The diodes rely upon a temperature differential between infrared radiation absorbed on one side  and the temperature of outer space—effectively one giant cold sink—to generate current, in a similar but opposite fashion to how  solar cells absorb energy coming from the hot Sun to the cold Earth, Nielsen explained. 

Scientists have explored this idea before, even coming up with a $30 device that sits on the ground, facing the night sky, and generates a tiny amount of current. But the current study is the first time this effect has been precisely measured, the researchers say. The team tested the device at a temperature differential of 12.5 °C on a photodiode emitting close to 4.7 micrometers of infrared radiation and generated 2.26 milliwatts per square meter, a volume they predict could increase to up to 19.4 milliwatts per square meter under different conditions.
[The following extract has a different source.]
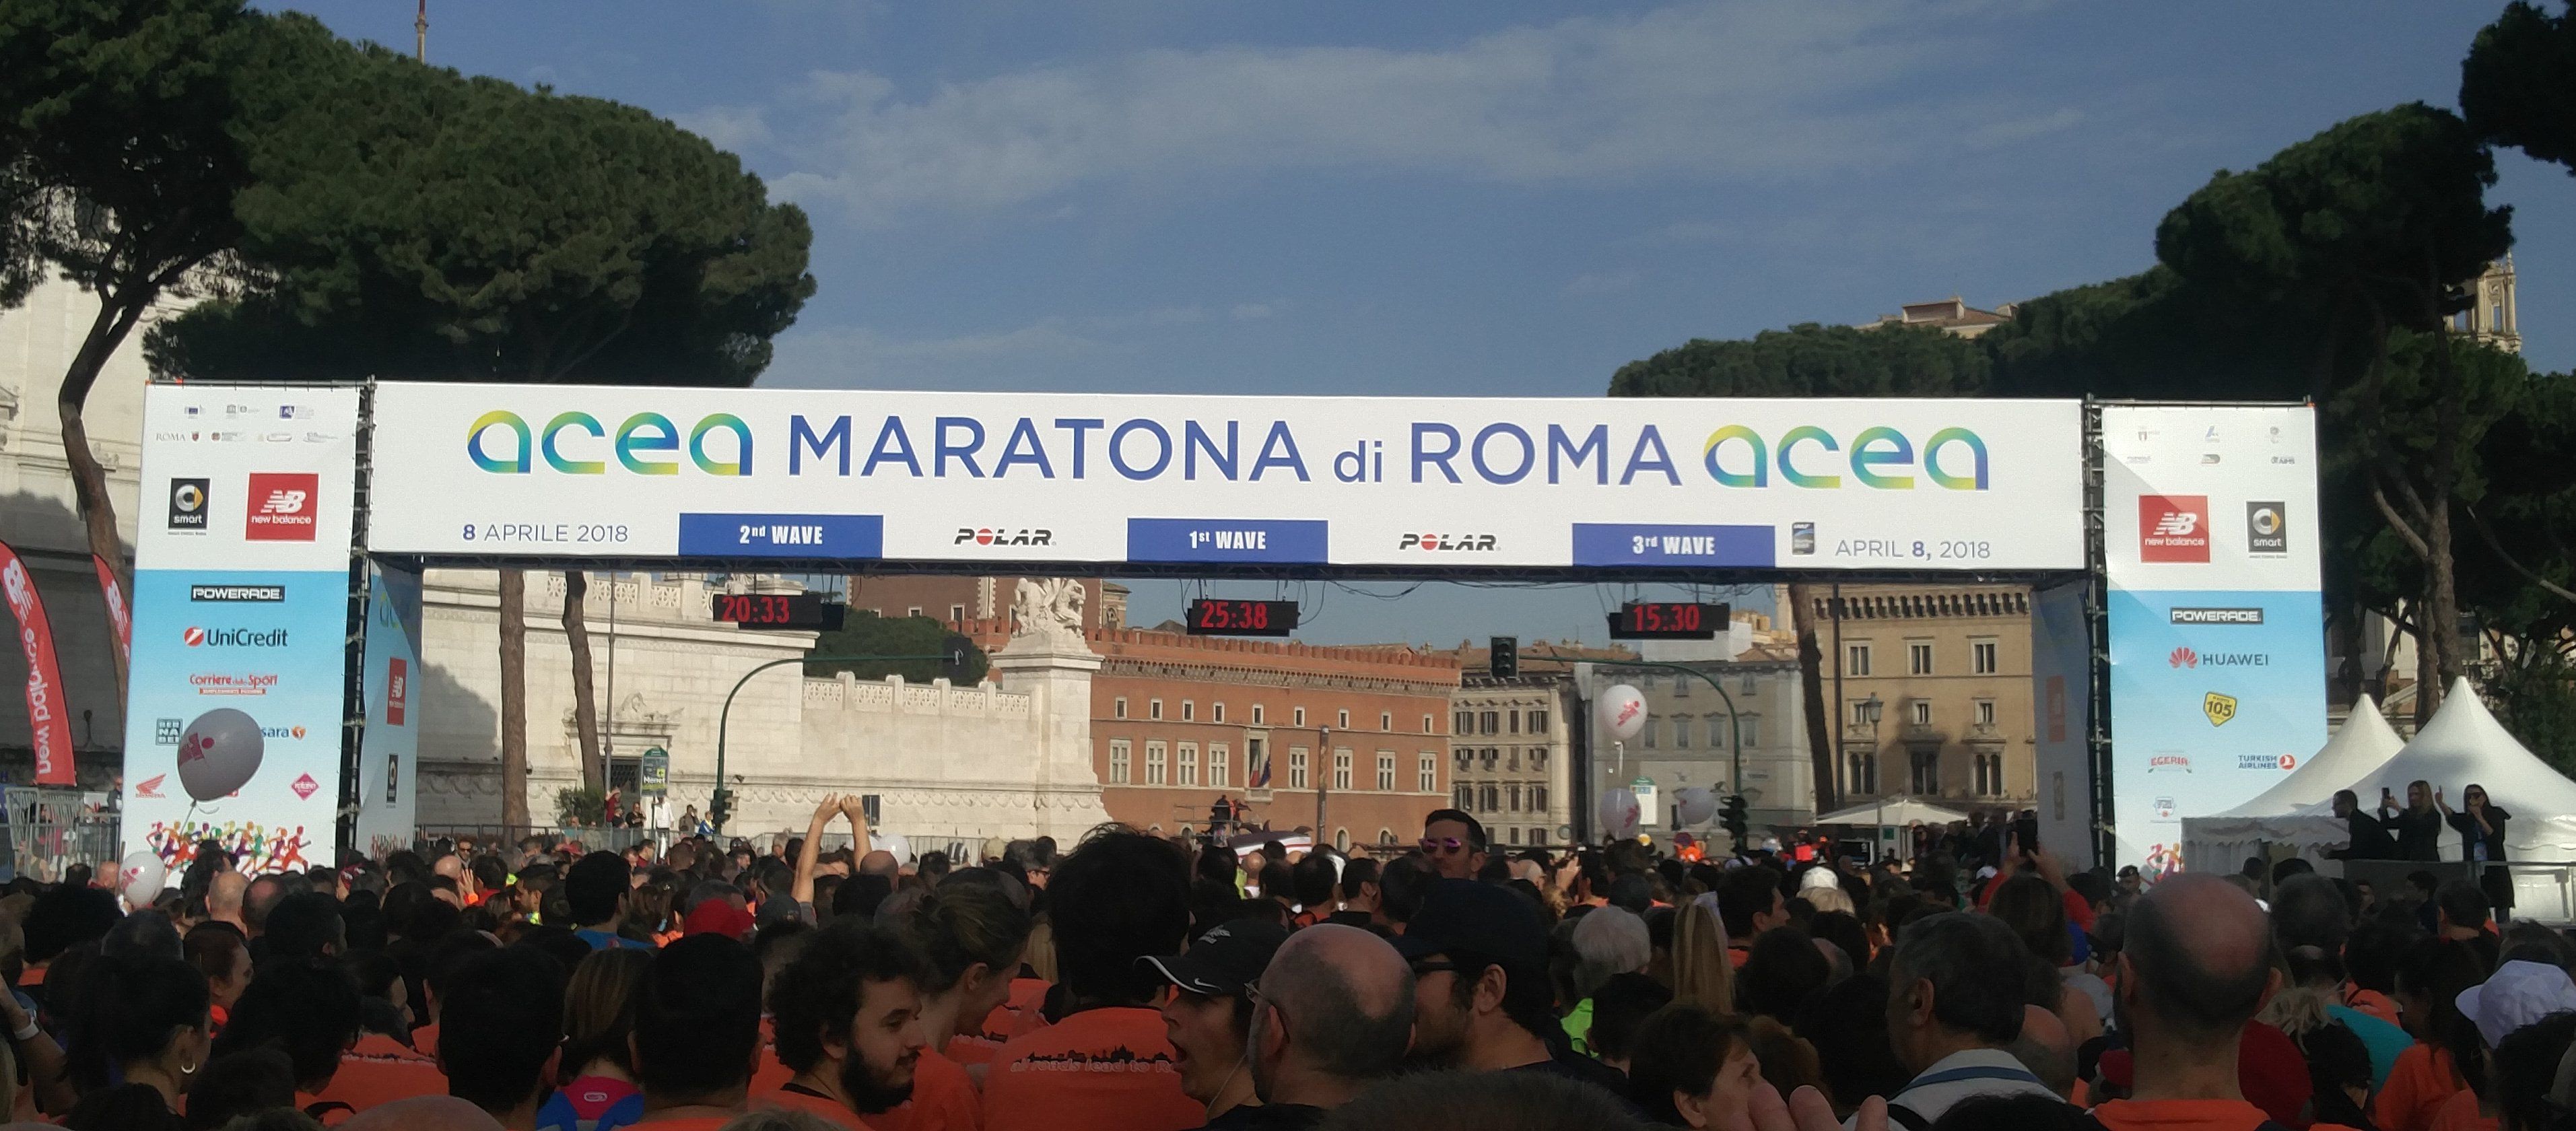 Editoriale, Maratona di Roma: una grande bellezza. E poi?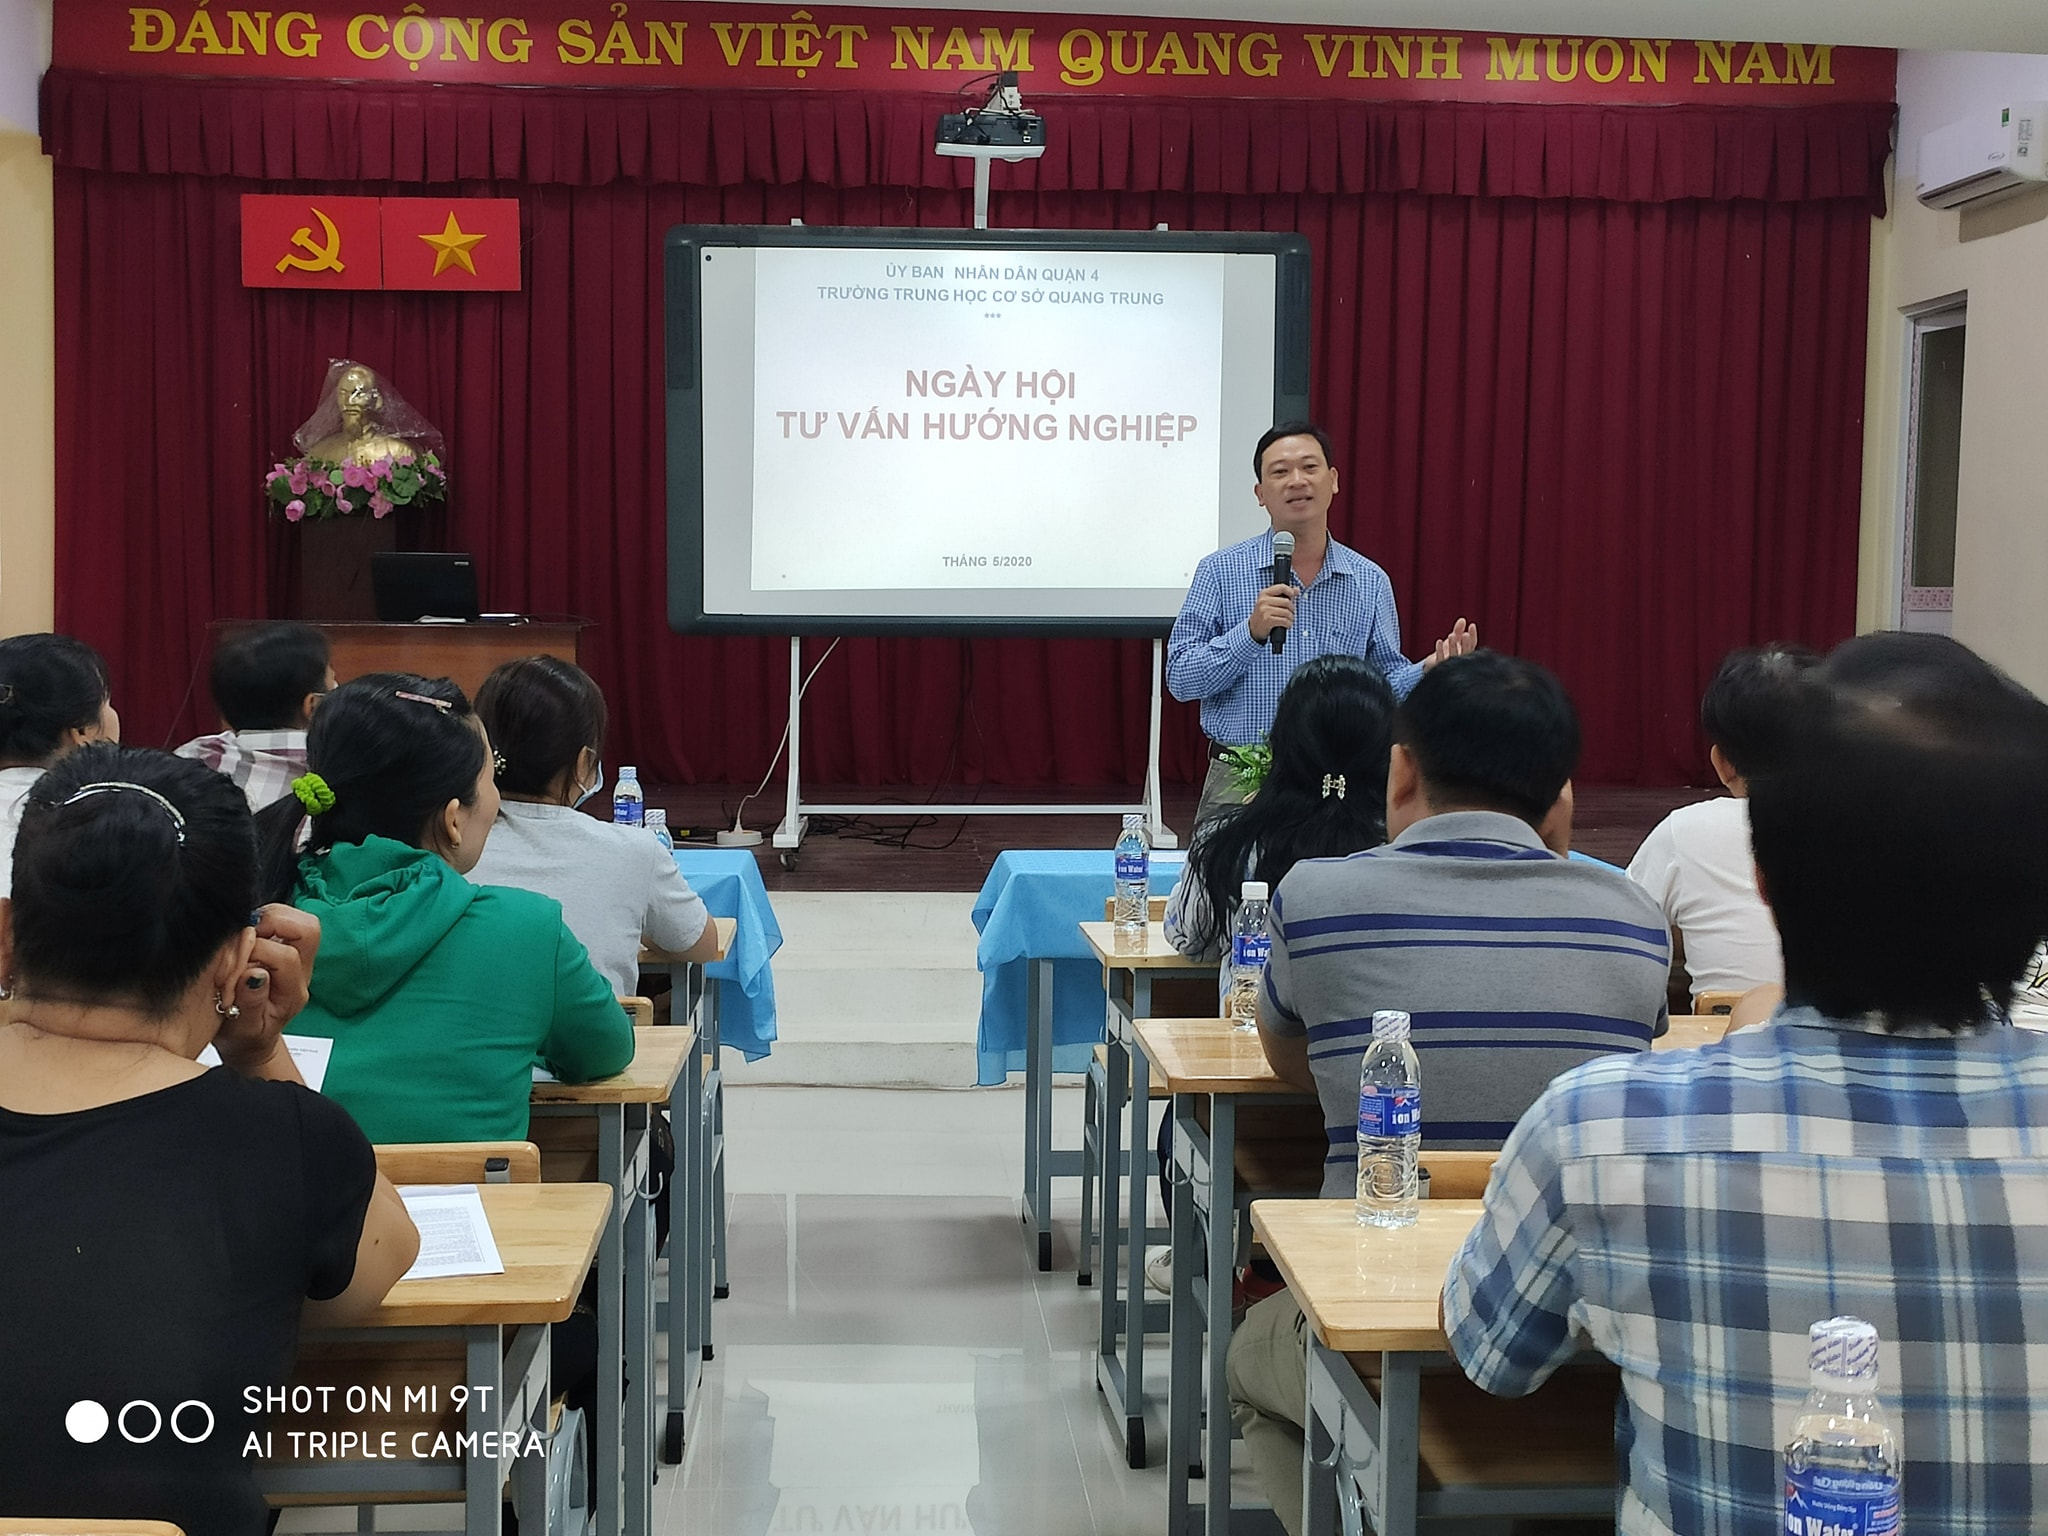 Tư vấn, hướng nghiệp tại trường THCS Quang Trung

Nielsen told Motherboard it took some self-convincing to embrace the idea that thermodiodes could generate usable electrical current: “Only the theoretical underpinning as well as the efforts by researchers that came before us that made it clear this is possible kept us going,” he said. 

But he hopes to see the technology scaled up; they would be useful for generating power on satellites, for example, he says.

“In principle they could be used wherever there is a temperature differential between what they are attached to and what they view,” he said. “The larger the differential, the more power generated.”